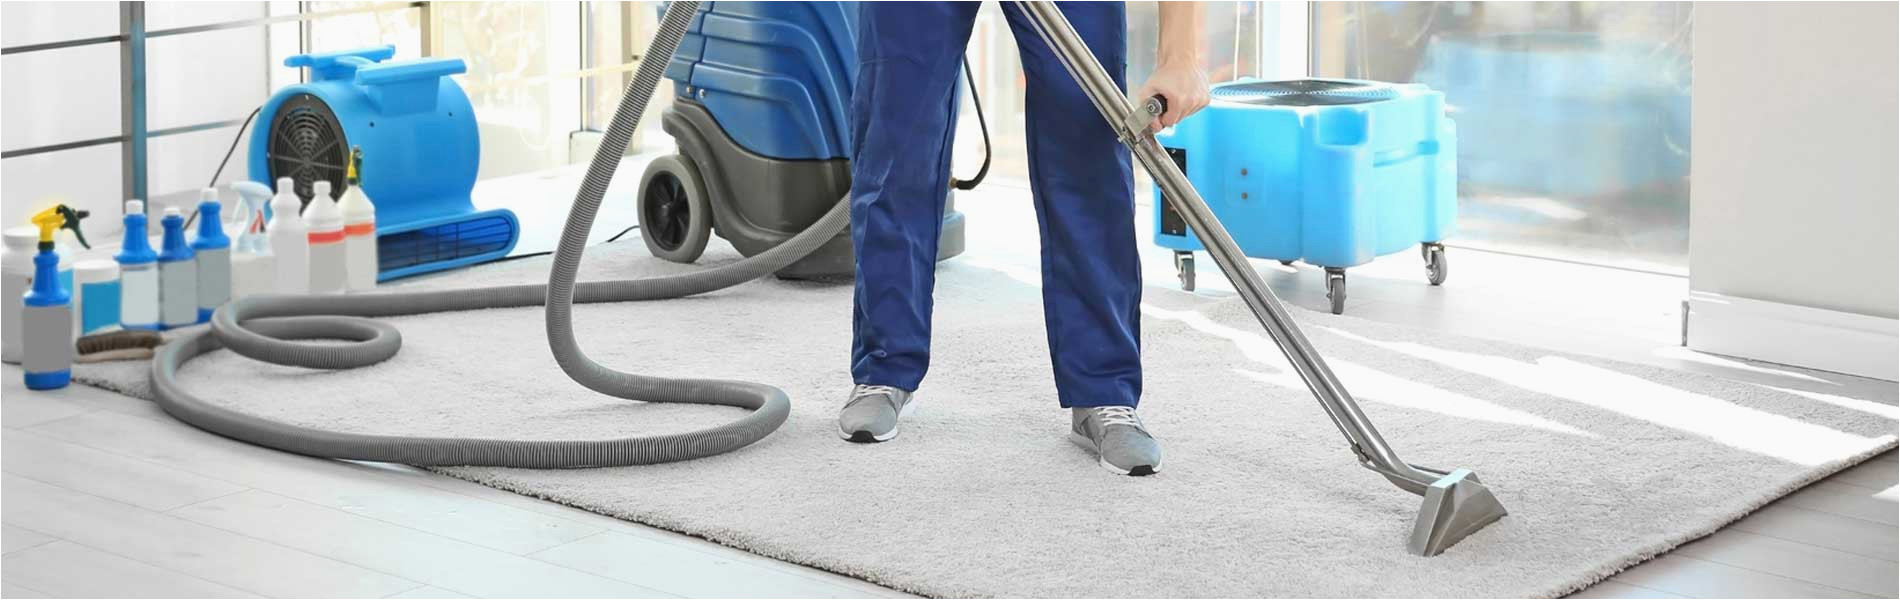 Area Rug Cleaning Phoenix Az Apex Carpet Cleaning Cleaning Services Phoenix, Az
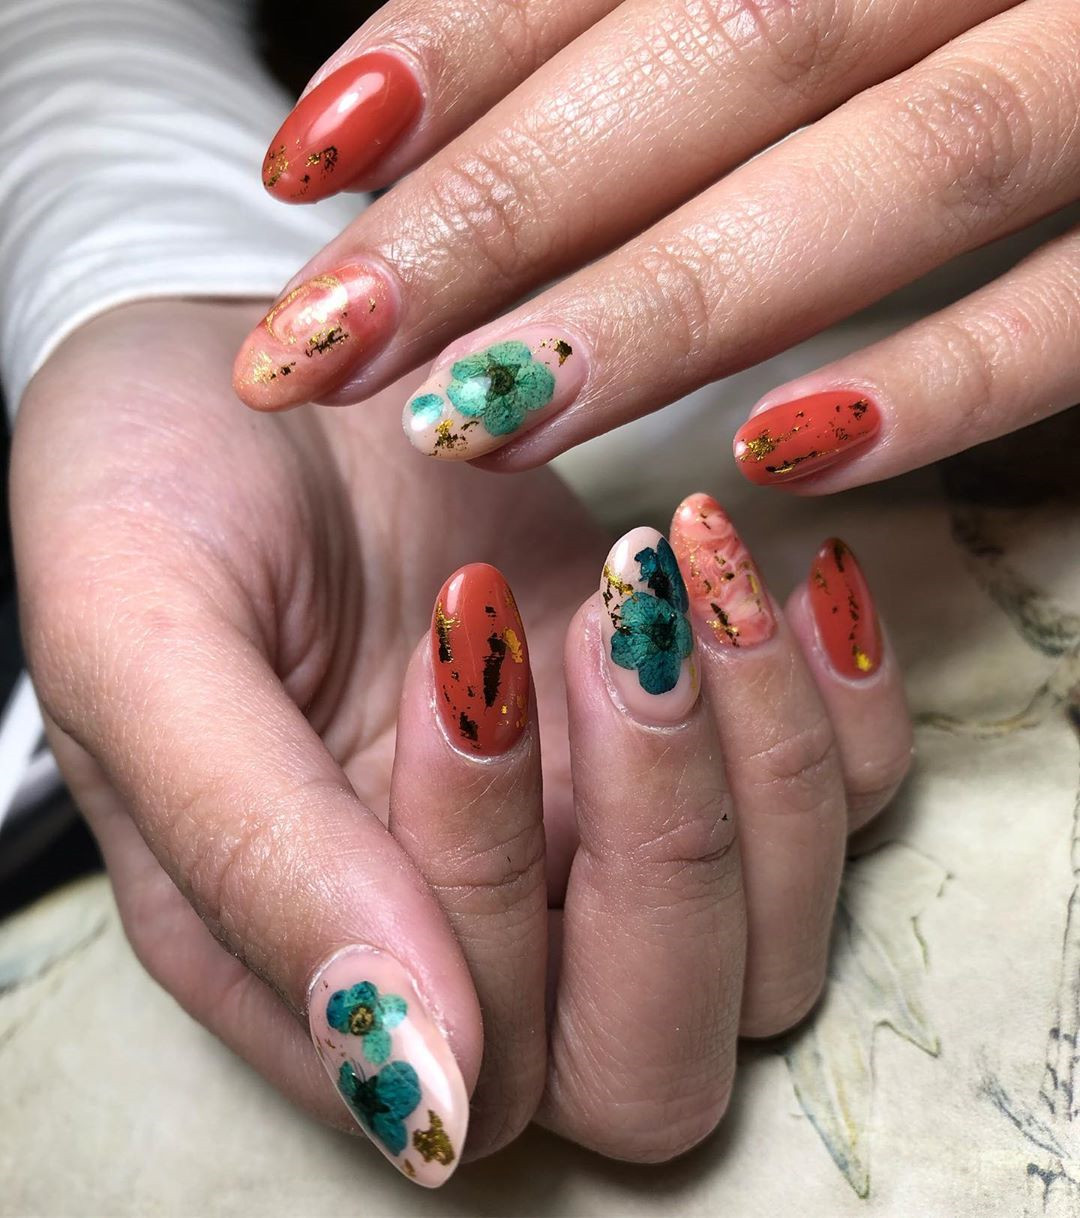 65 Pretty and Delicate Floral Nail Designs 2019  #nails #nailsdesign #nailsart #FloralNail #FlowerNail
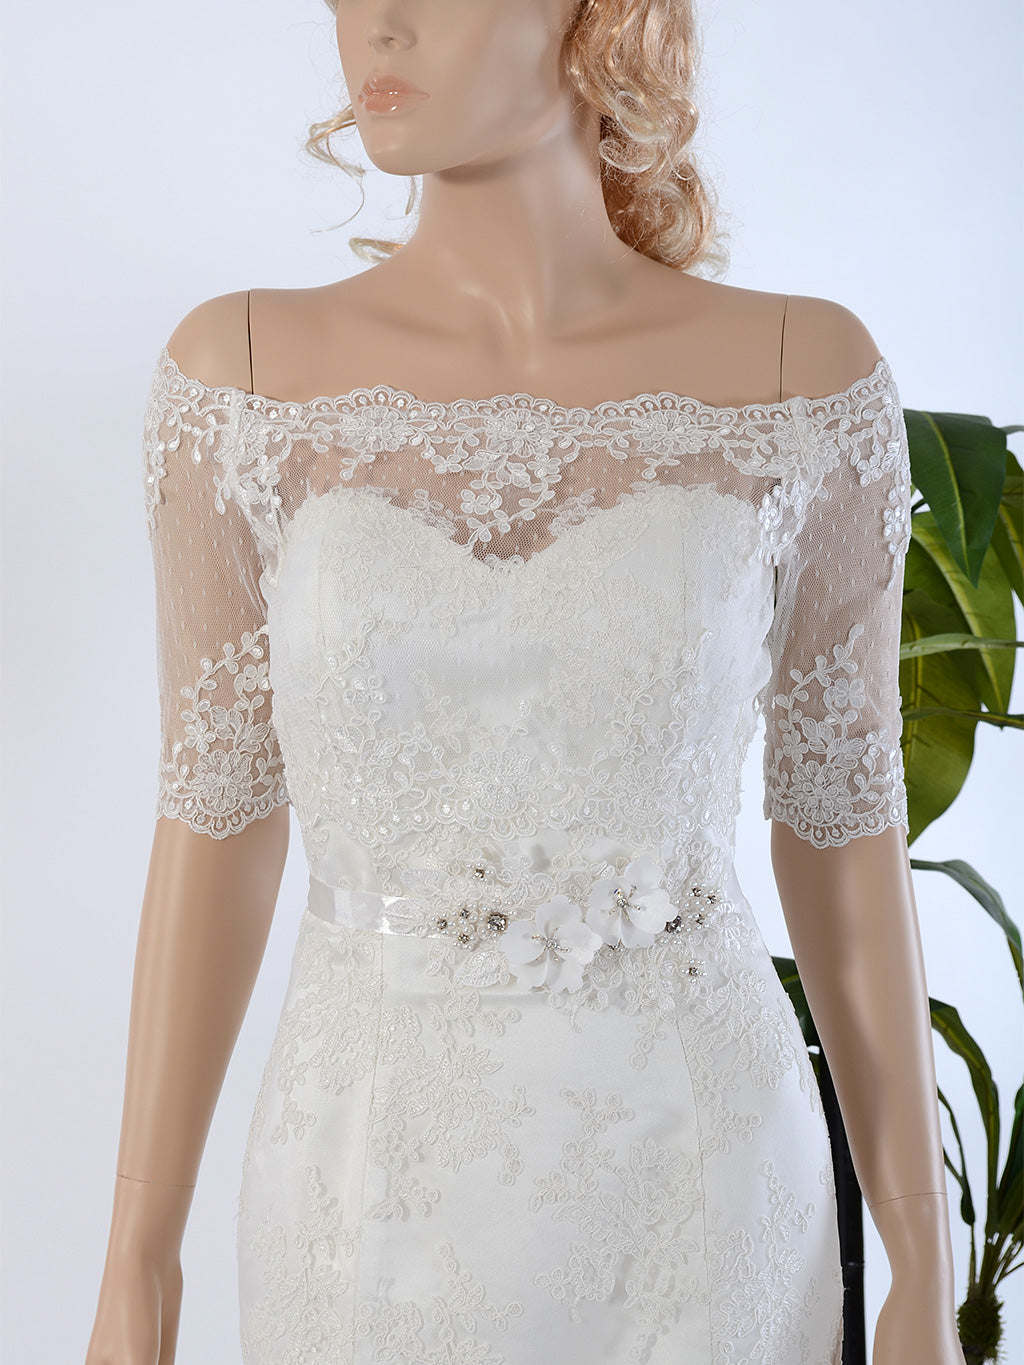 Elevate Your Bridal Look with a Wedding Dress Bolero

### ASSIGNMENT:
Quote the data above in full, leaving out the pictures it holds.

### SOLVED EXERCISE:
 Area Rug Cleaning Phoenix Az Apex Carpet Cleaning Cleaning Services Phoenix, Az
 65 Pretty and Delicate Floral Nail Designs 2019  #nails #nailsdesign #nailsart #FloralNail #FlowerNail
 Elevate Your Bridal Look with a Wedding Dress Bolero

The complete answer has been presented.